Анника почувствовала, как другие журналисты обратились в слух у нее за спиной, не сводили глаз с дрожащего рта Фоллина.

– Она была моим… моим первым клиентом. Мы стали единой командой. Я сделал ее.

Анника кивнула, попыталась перехватить взгляд менеджера, прятавшийся за черными очками, почувствовала, что он смотрит в сторону воды.

– Как вы познакомились?

Себастьян несколько раз торопливо схватил воздух ртом, по-прежнему не глядя на нее.

– На предприятии дорожного управления в Векше, – сказал он. – Я работал там консультантом, и мне понадобился человек, чтобы провести презентацию…

Он замолчал, слюна, появившись из уголка его рта, тонким ручейком устремилась вниз по подбородку. Аннике стало немного не по себе от этого зрелища.

– Ты доверил ей презентацию?

Мужчина торопливо наклонил голову, на удивление быстрым движением вытер лицо, крепче вцепился в свой портфель.

– Она оказалась совершенно невероятной. Лучшей пресс-конференции у нас никогда не было. Веселая, умная, красивая, она просто очаровала всех. Все слушали, когда она говорила. – Он кивнул в знак подтверждения своих слов. – Потом я спросил ее, как она стала таким сокровищем. Она только рассмеялась. Она была такой. Невероятно одаренной от природы. Я привлекал ее ко всему, что делал потом.

– И в каком качестве? – спросила Анника.

– Она работала гидом в туристском поезде в Грене и стояла на ресепшн в отеле «Юллене Уттерн». И так… пять лет потом.

– Ты долго был с ней, – заметила Анника.

– Всегда, – сказал он и впервые посмотрел на нее из-за своих очков, она почувствовала на себе взгляд его маленьких светлых глаз.

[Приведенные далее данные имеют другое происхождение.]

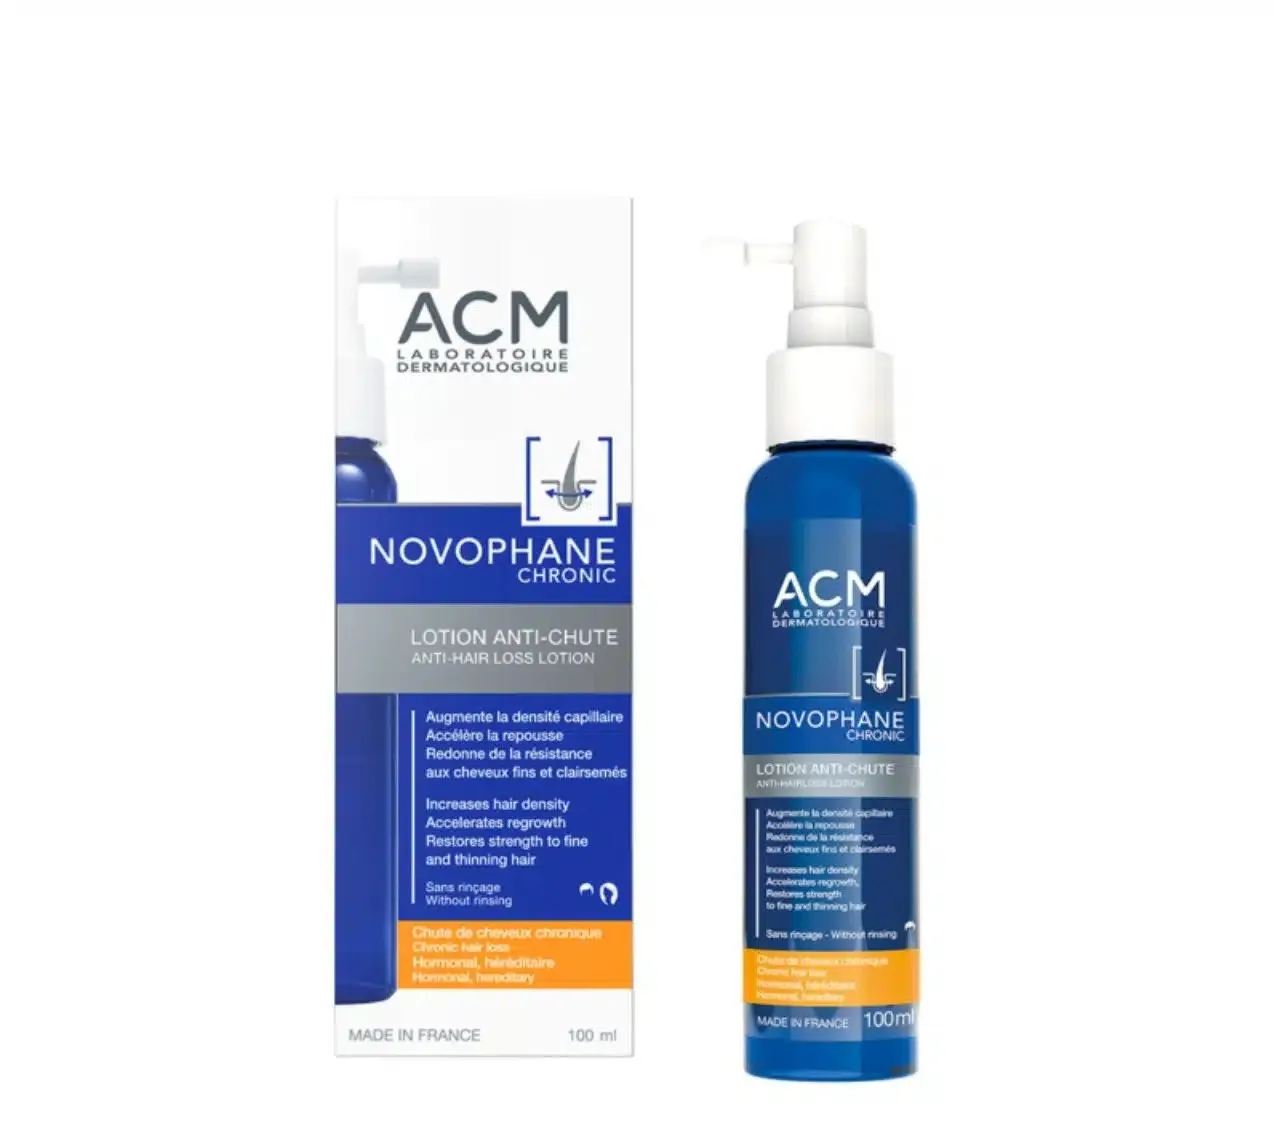 acm-novophane-chronic-lotion-anti-chute-100ml-3760095254500
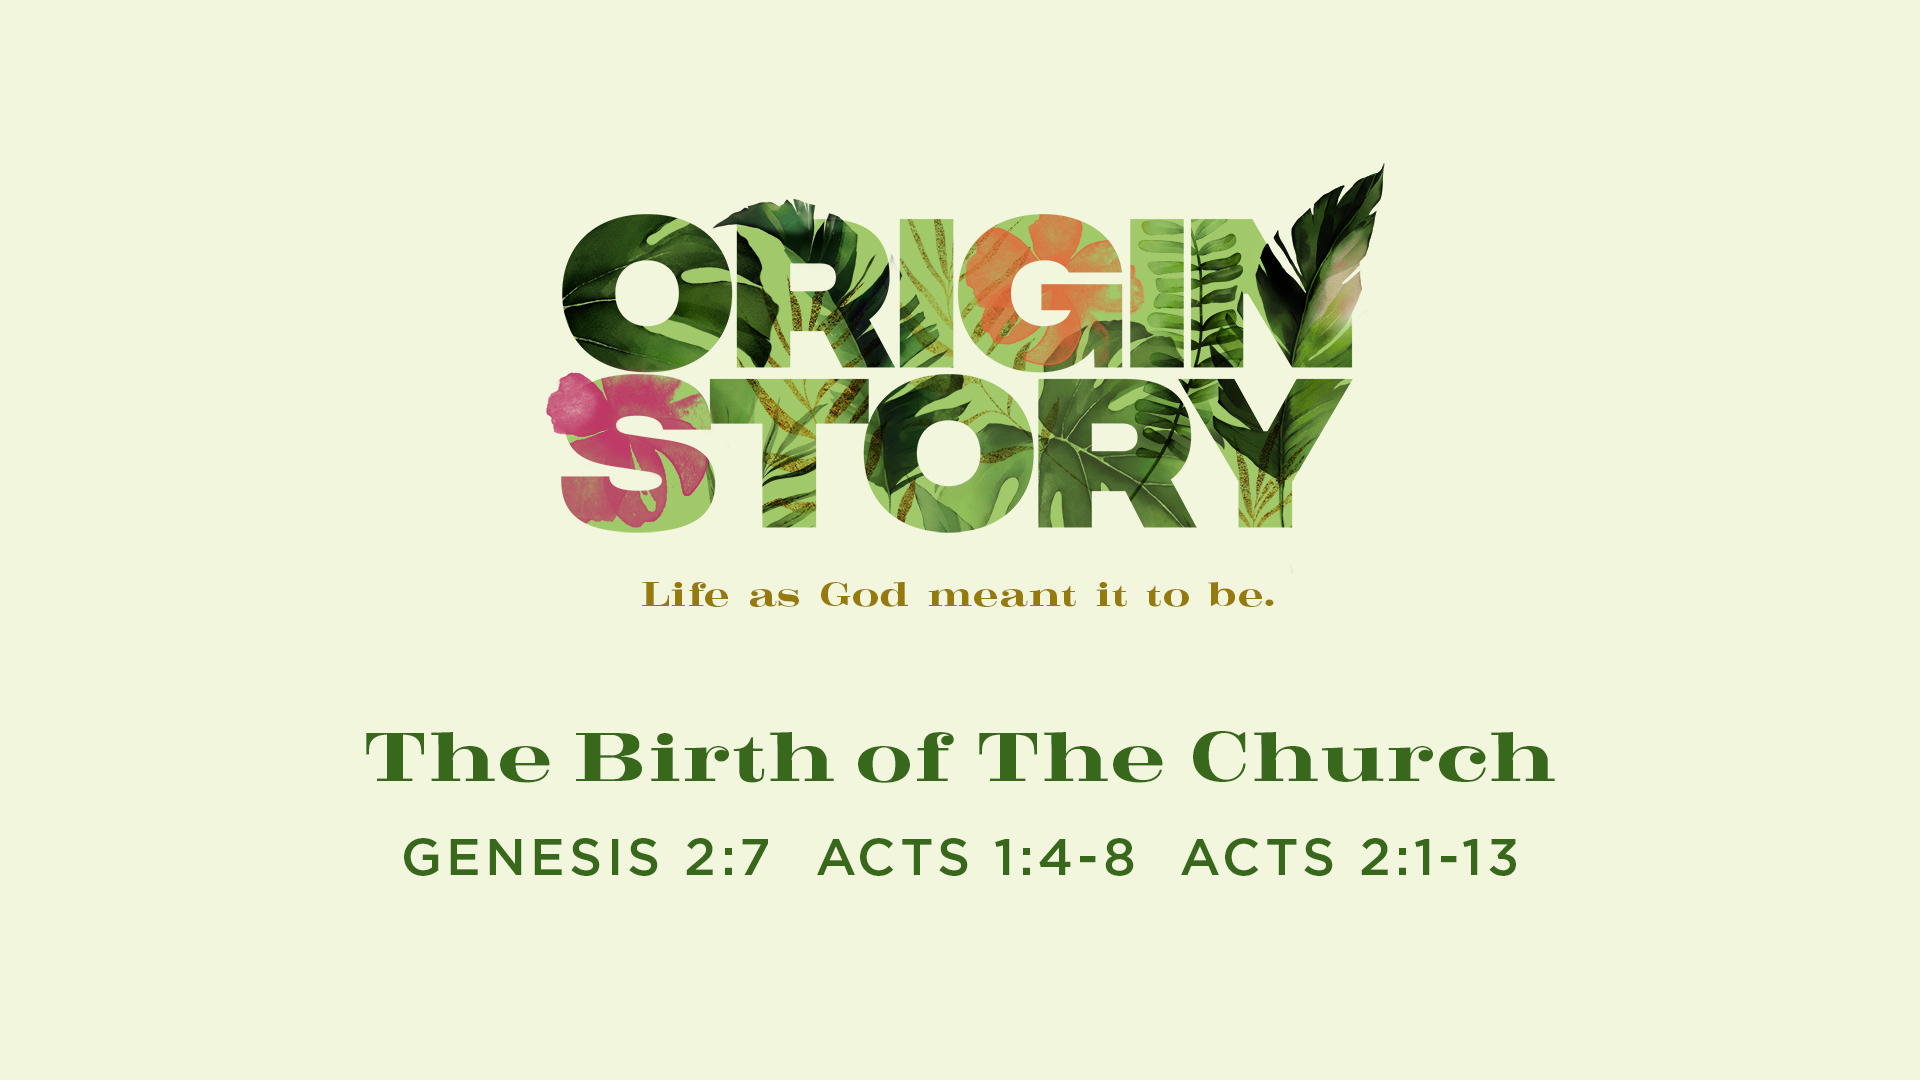 Origin Story: The Birth of the Church

– У тебя были контакты на телевидении?

– Жена моего брата работает на «Зеро Телевидении». Я договорился о первом контракте для нее в качестве ведущей программы. Она сразу стала звездой.

Анника кивнула, поняла, что это была правда.

– Каких еще клиентов ты представляешь? – поинтересовалась женщина с государственного канала.

Себастьян Фоллин вздрогнул, повернул голову и посмотрел в ее сторону:

– Извини?

– Ты же менеджер, не так ли? Ты представляешь только людей с телевидения или у тебя есть и другие клиенты тоже?

Лицо мужчины сжалось, покрылось морщинами вокруг влажного рта.

– Из какой ты фирмы? – спросил он, его голос изменился, стал жестче.

Она сообщила название своей новостной программы.

– С вами я не работаю, – ответил он, повернулся резко и отпер своего спортивного американца.

Фоллин чуть не въехал в стену на пути с парковки.


Праздник в кругу родни явно не прибавил здоровья Торстенссону, во всяком случае, на это намекало его бледное и отекшее лицо, когда он шагнул в редакцию. Национальный костюм, еще вчера, очевидно, составлявший его наряд, сегодня он сменил на брюки от спортивного костюма и водолазку, но все равно, как обычно, выглядел немного нелепо в окружении компьютеров и газетных анонсов, когда сейчас нервно блуждал взглядом среди сотрудников. Шюман увидел его, слабого и растерянного, сквозь стеклянную стену своего закутка, и мучительные сомнения, от которых ему никак не удавалось избавиться, навалились на него с новой силой.